Abstract
Session Theme: I Want To Break Free
At RIPE 91, the DEI session focussed on the "D" in the acronym. Diversity. This time, at RIPE 92, we move on to the "E". Equity. And we are continuing with the human stories.
This session brings together three talks that each explore what equity actually looks like in practice, from three very different angles. Toxic workplace dynamics, and the silence that allows them to persist. What genuine employment inclusion looks like when an employer gets it right. And the largely hidden weight of Rejection Sensitivity Dysphoria, and what it costs the people in our community who live with it every day.
Three talks. One thread. The quieter, harder work of making sure that technical spaces are ones where everyone genuinely belongs.
Abstract for the first talk: You Are Not Alone
Toxic workplaces do not announce themselves. They seep in quietly, through cancelled meetings, ignored ideas, and a slow erosion of confidence that makes you wonder whether you are imagining things. Until one day you realise you are not.
This talk grew out of a short essay written by a close friend, and from conversations with them and with others across this industry, people who recognised themselves in it immediately.

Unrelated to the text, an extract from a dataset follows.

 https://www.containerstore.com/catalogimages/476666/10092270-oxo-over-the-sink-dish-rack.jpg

It is about patterns that are far more common than most of us admit, and about the silence that allows them to continue. It is about what it feels like to be in it, what you can do if you are, and why speaking up, or simply showing up for someone else, matters more than you might think.

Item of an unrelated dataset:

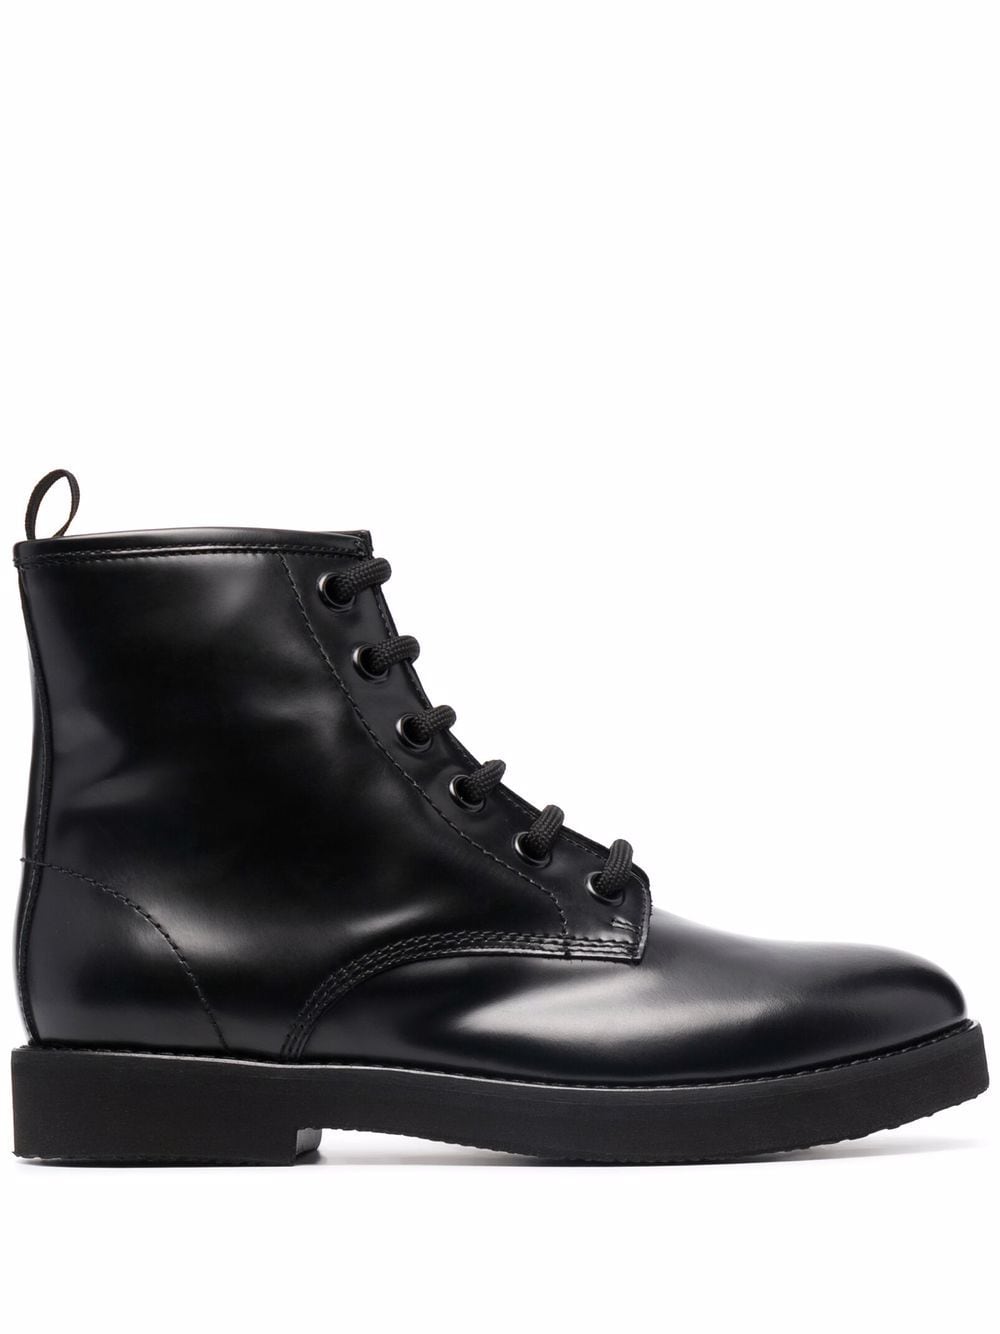 AGL Moreen lace-up boots - Black von AGL

This is not a talk about blame. It is a call to recognition, to solidarity, and to action.
Recording
Video will be added soon.
Speaker
Denesh Bhabuta
Denesh Bhabuta has spent more than 30 years working at the point where people and the Internet meet. Not just technically, but as communities.
He is well known across the Internet infrastructure community through his work at UKNOF, where he spent two decades helping shape it into the central forum for UK network operators, and at DNS-OARC, where he led the global conference programme and community engagement for over a decade. He founded PTNOG, building Portugal's network operators community from scratch, and has contributed as a PC member at LINX and UKNOF, co-chaired the former RIPE LIR Working Group, and served as a Non-Executive Director at Nominet, LONAP and the UK ENUM Consortium.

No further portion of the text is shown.